Something we have seen rarely in recent years, compared to the heydays when it was regular as clockwork (such as this record from winter 2009), was an evening spike* in price – as captured in NEM-Watch at 18:15 market time:
* ok, it’s a blip, and not a spike
Now the blip that appeared today would have been entirely unremarkable in past years, but has been remarkable today for a couple of reasons – including:
1) That prices were elevated in all five regions (albeit a blip, rather than a spike);
2) That, coincident with this (and one causal factor), wind output had dropped to just below 100MW across the NEM ; and
3) As a result of the drop in non-scheduled renewables output (low wind + solar not running with the sun set) the scheduled demand could at least limp up to the green zones for most regions. Nowhere near the heydays of yesteryear, though, where winter demand in 2008 peaked at over 34,000MW across the NEM (we see here that the demand was a little bit above 26,000MW – or 8,000MW lower, above 10x the size of our largest aluminium smelter).
The events this evening are especially noteworthy given the coincident release today of the Warburton RET Review.

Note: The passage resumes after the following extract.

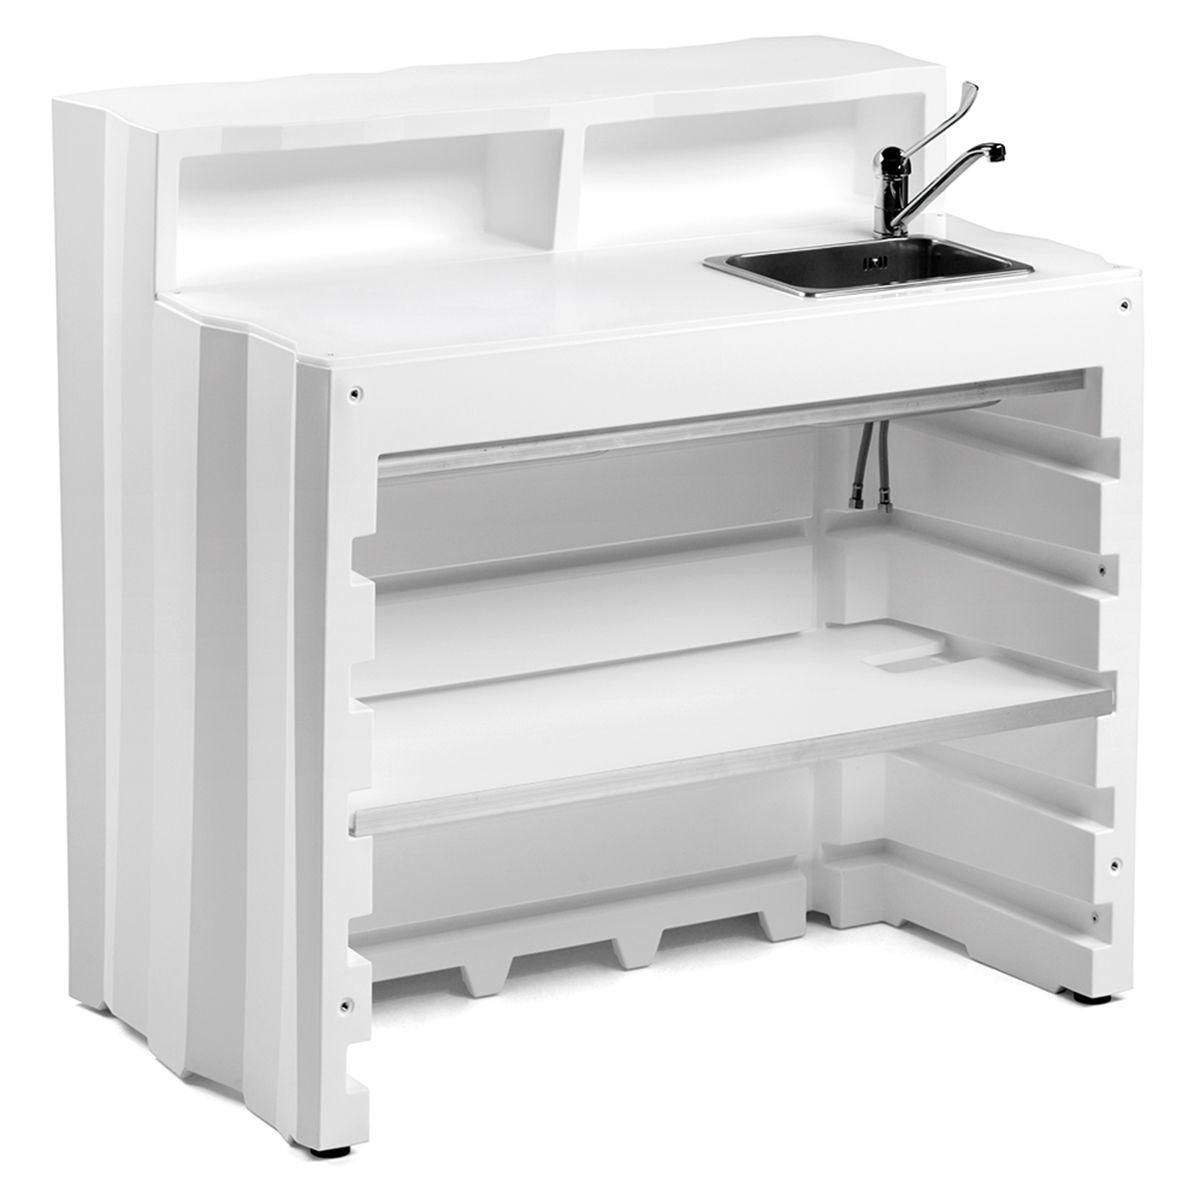 Bancone Bar Da Giardino bancone bar modulare da esterno modello frozen | arredo bar

I’ve not had time to read through the review yet, but there’s already a steady stream of comments from a range of parties on Twitter, LinkedIn and other social media about what’s included. Seems that what it recommends is not too dissimilar from what many renewables developers had feared.
Based on past experience, it seems that both sides could look on what’s happened this evening in the NEM and draw out different facts to justify their own prior perspectives on whether the RET is a good thing, or not.
One things seems certain – the see-saw on energy & climate policy is set to continue, to the detriment of all.
Opening up NEM-Review to trend over time, we see that (for NSW, and across the whole-NEM) the instantaneous “winter week-day evening peak” demand levels shown above are almost perfectly at the “average” level seen in the chart below.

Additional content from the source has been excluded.